Adolescent development affects more than your child’s body. You may notice that your child is more prone to mood swings and emotional outbursts during this time. It is difficult on any child to go through this mix of physical changes, mental changes, and role changes. If your child is showing a lot of mood changes, remember that this is common for adolescents. Even though it may be difficult, try to find a way to sit down with your child often so you can give him or her a chance to talk about his or her feelings, interests, and concerns. Try to take all of them seriously. Listen and do not spend a lot of energy judging him or her. If your child feels like he or she will be judged every time you talk, your child will avoid talking with you.

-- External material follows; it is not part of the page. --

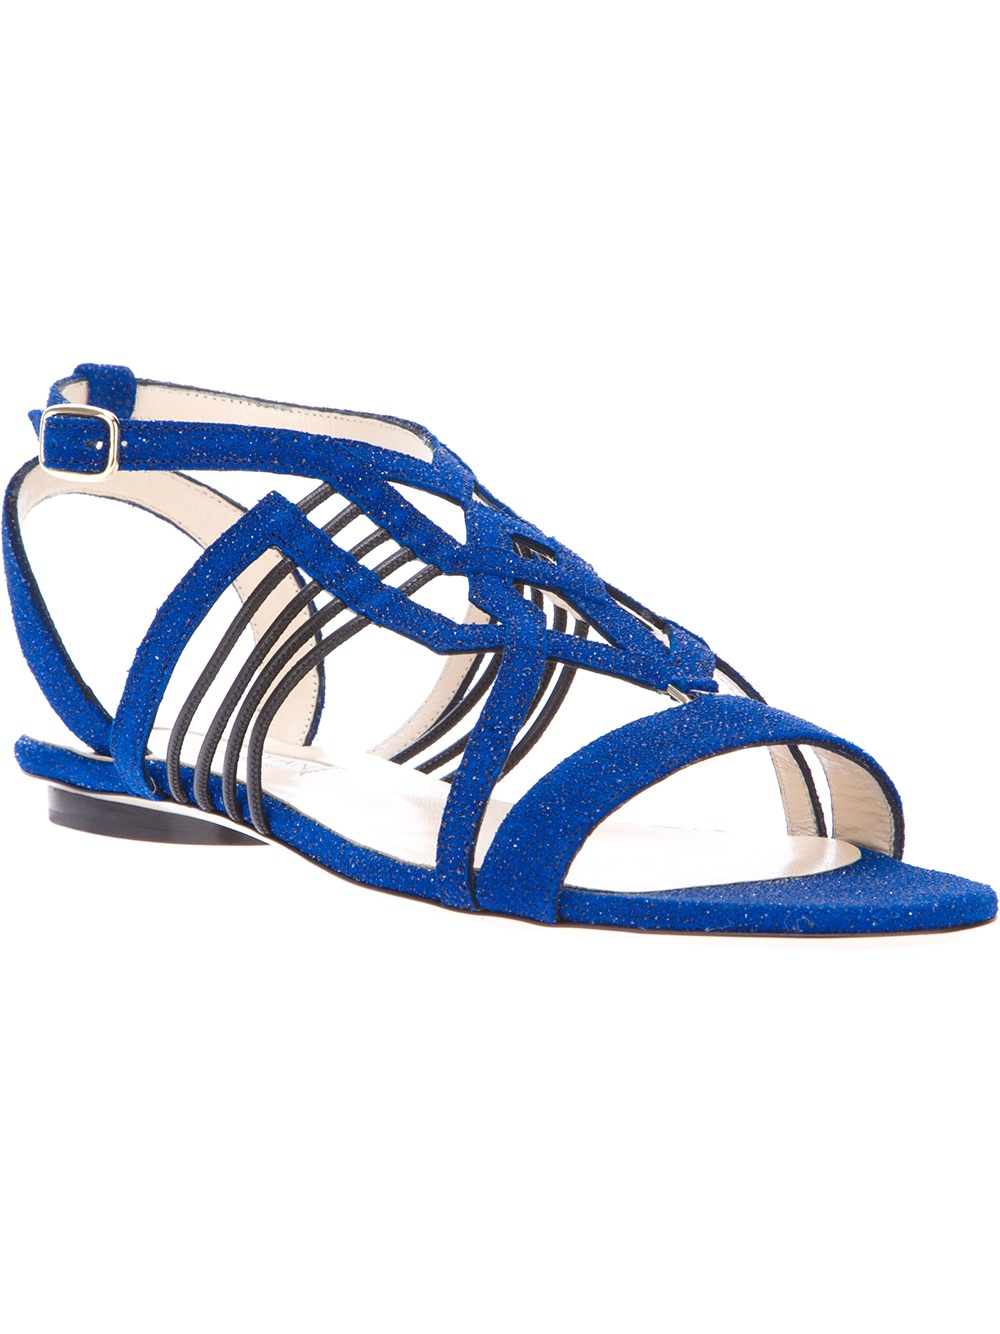 f25fa49f93e4 Lyst - Burak Uyan Flat Sandal in Blue

Many adolescents are self-conscious and critical of themselves. Adolescents are very concerned about their physical appearance. Many worry about being too fat or not having stylish enough clothes. Although people expect girls to worry about their appearance more than boys, many boys have the same worries during adolescence. Try to be balanced. Ask yourself whether you are asking a girl about her appearance too often, while you are not asking a boy about his opinion of this at all. You may tell children at this age that you understand the social pressure to “look right,” and ask them if they are feeling that pressure. Their thoughts about this will help them talk more about their self-esteem (how they are feeling about themselves). Not all teens will struggle much with these issues. If your teen does struggle and suffer a lot from this struggle, there are many ways to help him or her. Seeking assistance from a professional counselor or therapist is often beneficial.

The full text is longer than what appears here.